Back with a bang
In spite of four consecutive quarters of missed earnings targets, investor appetite for GlaxoSmithKline’s bonds in December 2012 was far from spoiled.
With a £1.4bn dual-tranche offering, split into 15 and 33-year portions, the UK’s biggest drug maker not only scored a size record for the currency in the corporate bond market in the IFR year but also struck a balance between duration and spread, as evidenced by solid secondary market performance.
Leads Deutsche Bank, Goldman Sachs, HSBC and RBS began marketing the paper at Gilts plus 110bp–115bp and plus 105bp–110bp, respectively. Less than 90 minutes later, combined books had exceeded £1.4bn. This allowed guidance to be refined to the 110bp area and the plus 105bp area, each plus or minus 2bp.
Almost no price sensitivity saw orders continue to climb to just north of £2bn, skewed towards the longer piece, before final terms were set at 108bp and 103bp over, for £600m and £800m tranches. At the end of the IFR awards year in November, both parts were trading around 84bp over Gilts.

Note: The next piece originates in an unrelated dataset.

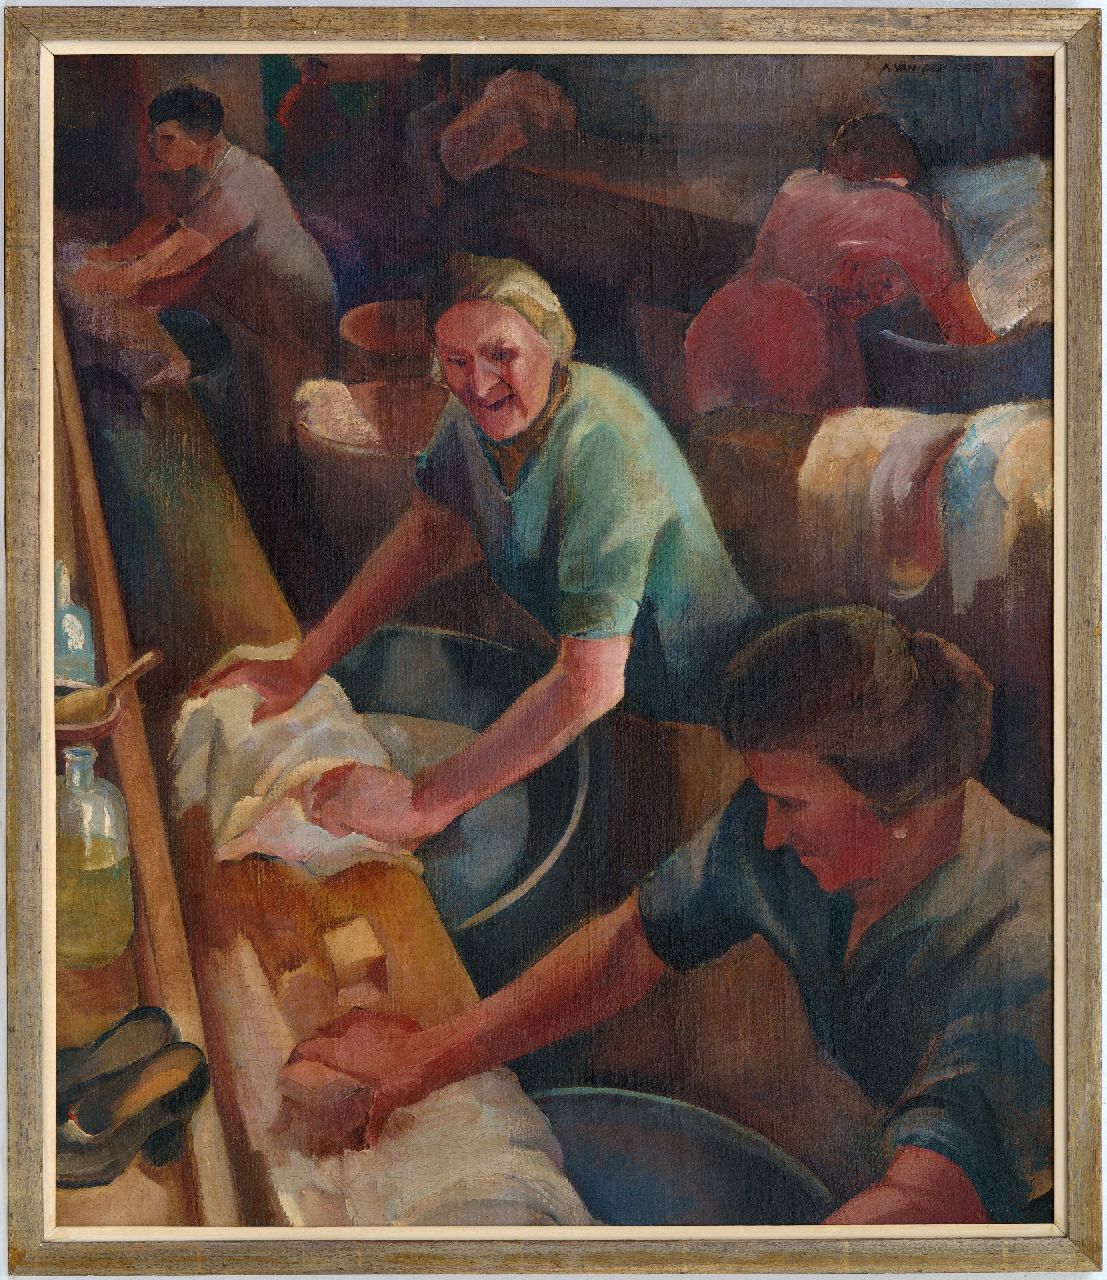 Feer A. van der | Anna 'Anneke' van der Feer, Wasvrouwen, olieverf op doek 70,3 x 60,1 cm, gesigneerd rechtsboven

The 3.375% coupon on the 15-year part represented the lowest for a corporate sterling bond of that maturity ever and the spreads marked the tightest of the year for both maturity buckets in that ratings class (A1/A+) and currency.
Elis Wyn Jones, an origination official at Goldman Sachs, pinned a large part of the success on timing. “The third quarter of 2012 witnessed record corporate bond issuance thanks to a favourable funding environment, with cash technicals remaining strong and the cost of debt near a historical low.
“As we moved towards the end of the year, the performance of new deals in secondary markets remained solid and GSK was able to act swiftly to make the most of this momentum.”
Market observers described the choice of two tenors as strategically intelligent.
At the time, Neil Slee, a syndicate official at Goldman, said the different maturities had helped create pricing tension, spurring demand and enabling the company to sell more bonds than would have been the case with just one tranche.
“In addition, the average yield of the 15-year and the 33-year combined was distinctly lower than what it would have been on, say, the average maturity – a 24-year bond,” said Slee.
Prior to December 2012, GSK had not been in the public sterling bond market since 2008, giving it a degree of rarity value and encouraging a plethora of a accounts – chiefly from the UK but also from Germany, Switzerland and elsewhere in Europe – to take part.
And the transaction had knock-on effects for the company, with market players saying its success was instrumental in paving the way for GSK’s US$3bn multi-part offering that printed in March.